North Carolina House Bill 920 is a 2025–2026 House bill that began as the NC Digital Asset Freedom Act and, as of June 9, 2026, remains pending in committee under a substantially revised title: Virtual Currency Kiosk Consumer Protection Act. The June 2, 2026 committee substitute replaced the original digital-asset payment framework with a proposed consumer-protection regime for virtual currency kiosks. The bill is still a bill, not an enacted law, and should be tracked as an in-committee North Carolina measure.
Current status of North Carolina HB 920
HB 920 was filed on April 10, 2025, passed first reading on April 14, 2025, and was referred through House committees including Commerce and Economic Development, Finance, and Rules. On June 2, 2026, the House reported a favorable committee substitute and re-referred the measure to Finance. LegiScan lists the bill as introduced with 25% progression, pending in House Finance, and with the latest text marked amended.
The title change is material for editors and readers. The University of North Carolina School of Government’s Legislative Reporting Service notes that the committee substitute changed the long title; the original long title would have allowed digital assets in economic transactions and tax payments, while the substituted title is an act to enact the Virtual Currency Kiosk Consumer Protection Act.
Original Digital Asset Freedom Act framework
The introduced version would have created Article 52 of Chapter 66, cited as the North Carolina Digital Asset Freedom Act. It applied only to digital assets that met detailed criteria for decentralization, market longevity, liquidity, regulatory classification, proof-of-work security, censorship resistance, uptime, and predictable supply. The introduced text also would have recognized qualifying digital assets as a valid medium of exchange and stated that a transaction could not be denied legal effect solely because it used a qualifying digital asset.
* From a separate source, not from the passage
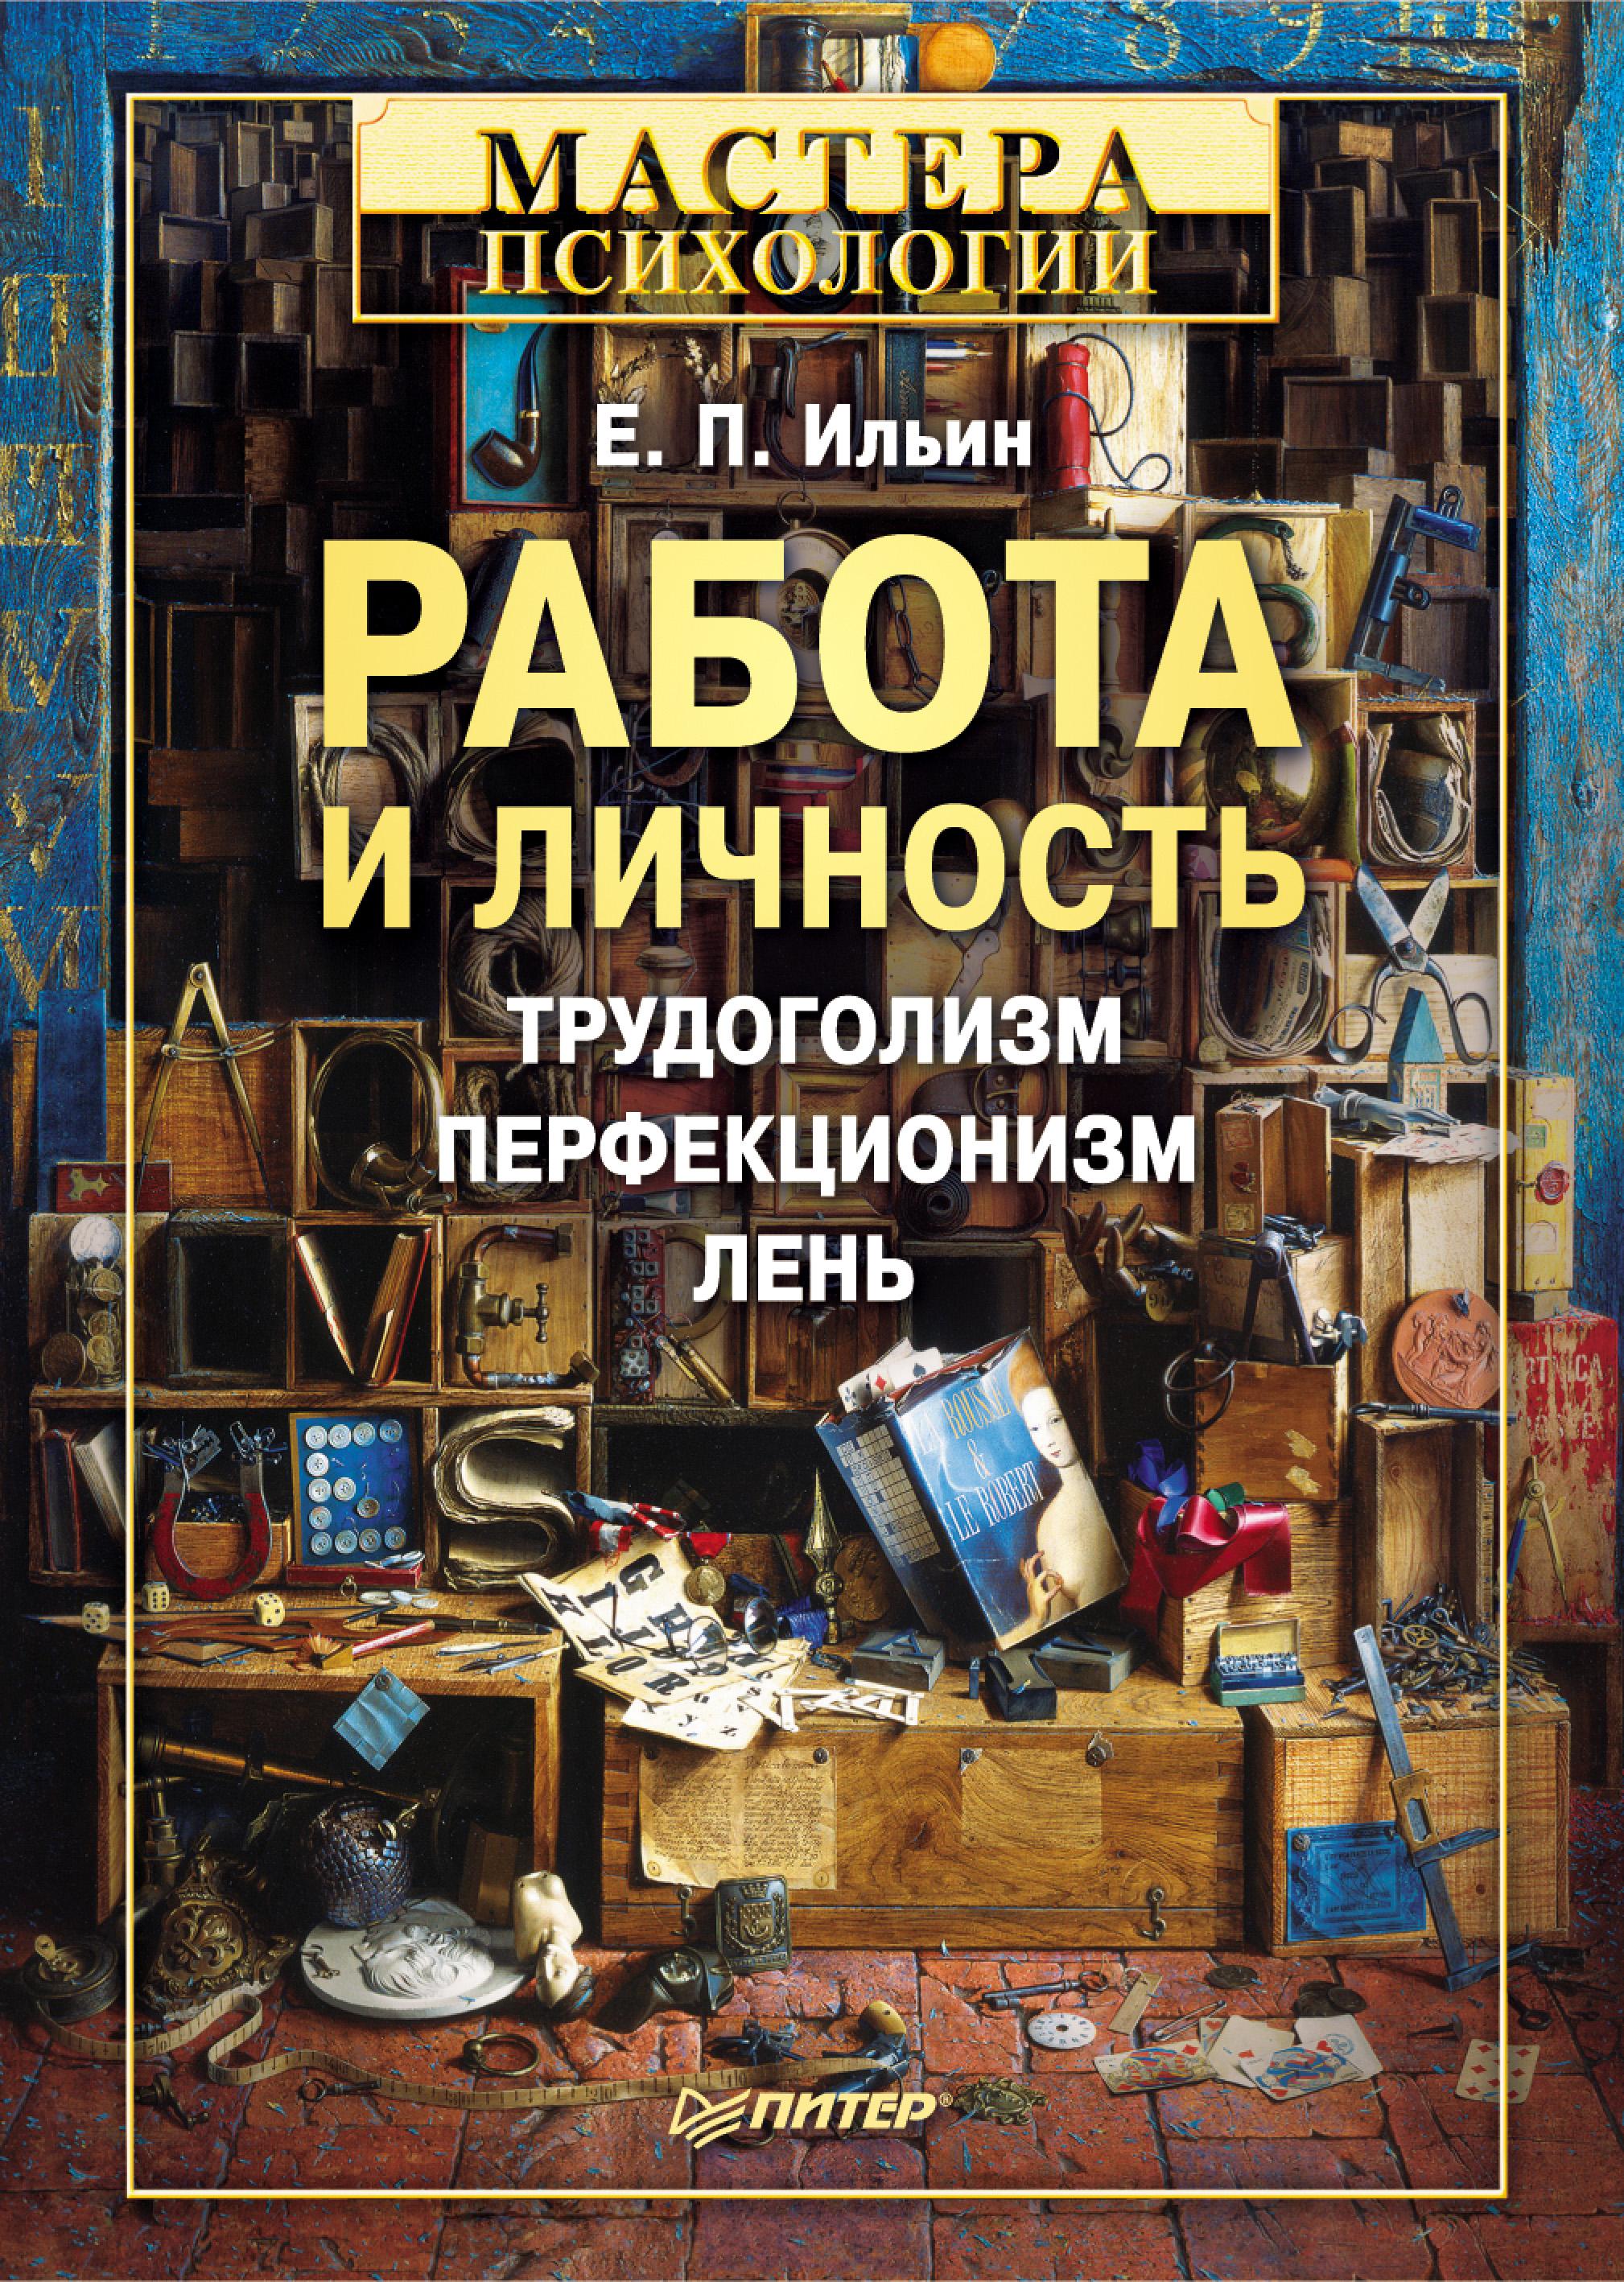 Евгений Ильин «Работа и личность. Трудоголизм, перфекционизм, лень»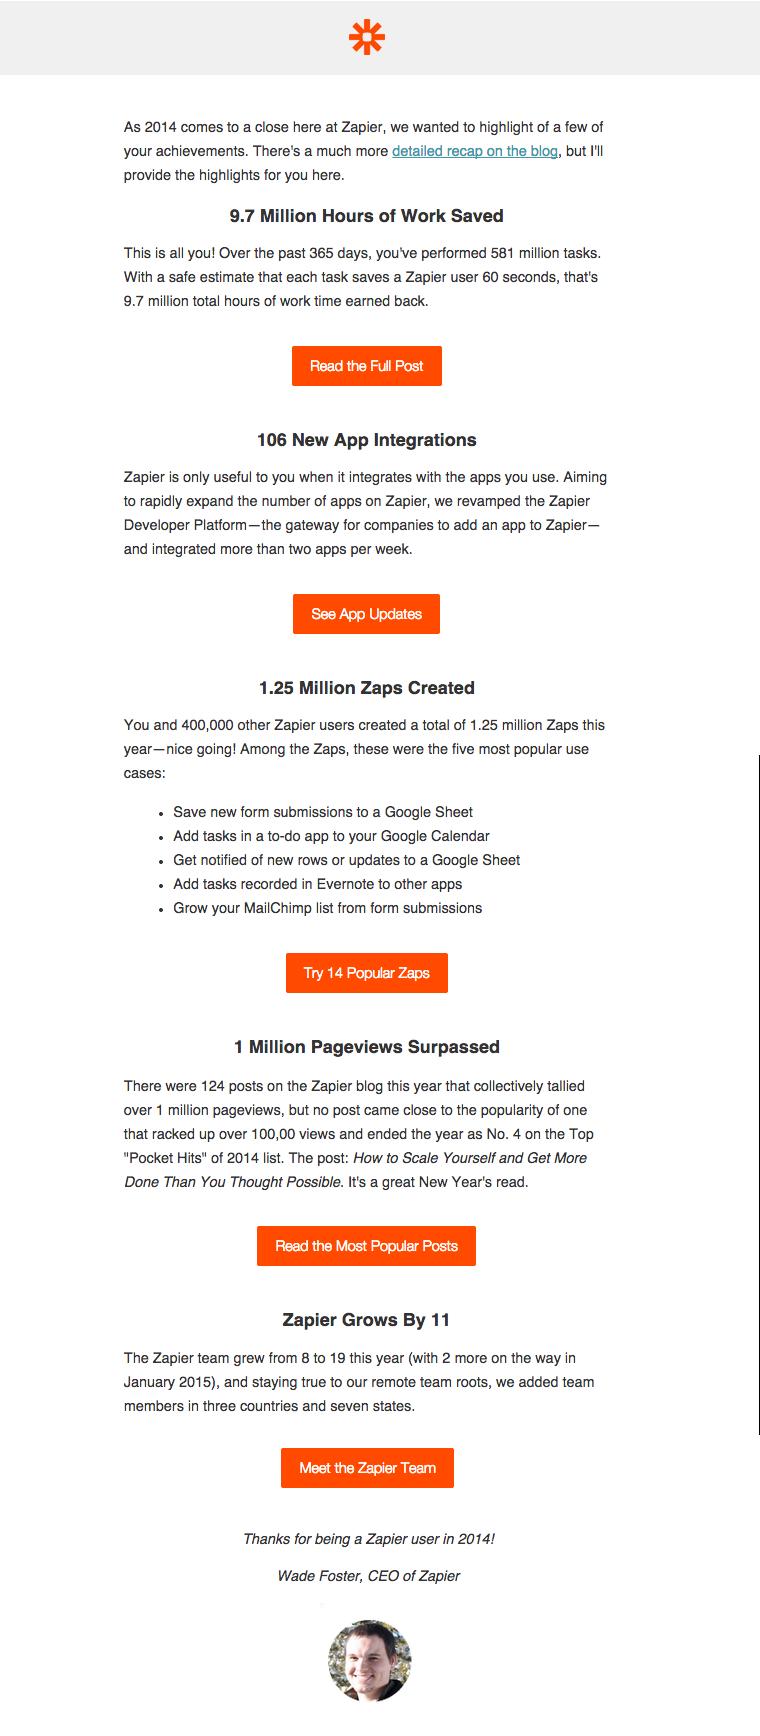 26 полезных советов из области email-маркетинга от самых успешных компаний со всего мира - 21

The first edition also proposed allowing taxpayers to choose a qualifying digital asset to pay taxes to the Department of Revenue. It would have required dollar-equivalent reporting using the digital asset-to-dollar exchange rate at the time of payment or transaction and would have directed the Department of Revenue to maintain daily exchange rates. Those provisions are historical context for the bill’s original “freedom act” framing, but they do not appear in the second edition that is currently before the House.
Current virtual currency kiosk provisions
The current second edition would add a new Article 26 to Chapter 53. It defines virtual currency, virtual currency kiosks, kiosk operators, digital wallets, blockchain analytics, new customers, and related terms. It places supervision with the North Carolina Commissioner of Banks and states that federal law, including the Bank Secrecy Act and the USA PATRIOT Act, governs to the extent of any inconsistency.
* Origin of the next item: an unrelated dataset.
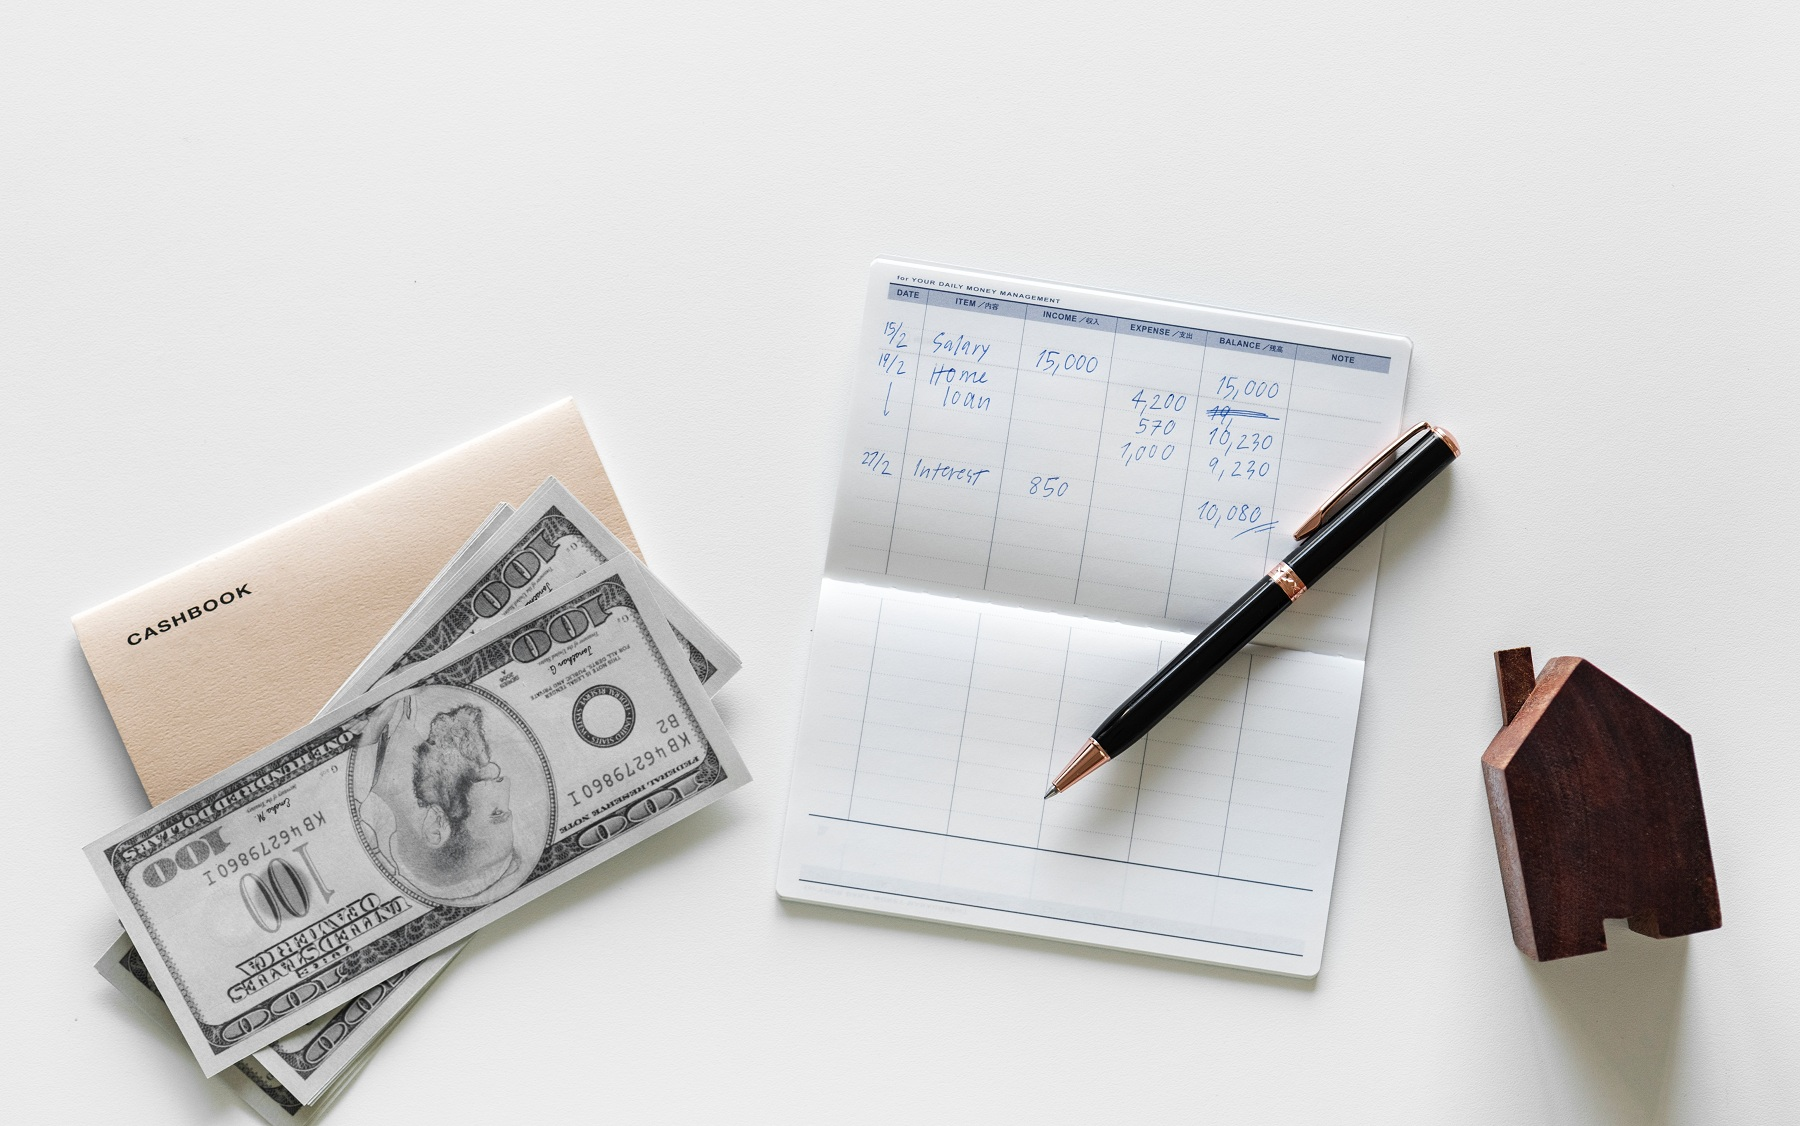 Основні податкові зміни до бюджету-2019, які ухвалила Рада

- Disclosures: kiosk operators would have to provide risk, terms-and-conditions, warning, fee, exchange-rate, spread, and liability disclosures before customer transactions.
- Receipts: customers would receive written or electronic receipts containing transaction, operator, fee, exchange-rate, refund-policy, and Commissioner contact information.
- Fraud controls: operators would have to use blockchain analytics, provide live weekday customer service, and maintain written anti-fraud policies.
- Licensing: operators that own, operate, solicit, market, advertise, or facilitate kiosks in North Carolina would be treated as engaged in money transmission and would require licensure under Article 16B of Chapter 53.
- Limits and remedies: the bill would set daily transaction limits of $1,000 for new virtual currency customers and $2,500 for existing customers, provide refund and cancellation rights in specified cases, and cap aggregate kiosk fees and charges at 3%.
Violations would be treated as unfair trade practices, fraudulent inducement of a kiosk transaction would be a Class 1 misdemeanor, and local governments would retain authority to impose nonconflicting or greater kiosk requirements. If enacted in its current form, the Commissioner would have to adopt implementing rules by December 1, 2026, and most provisions would become effective December 1, 2026.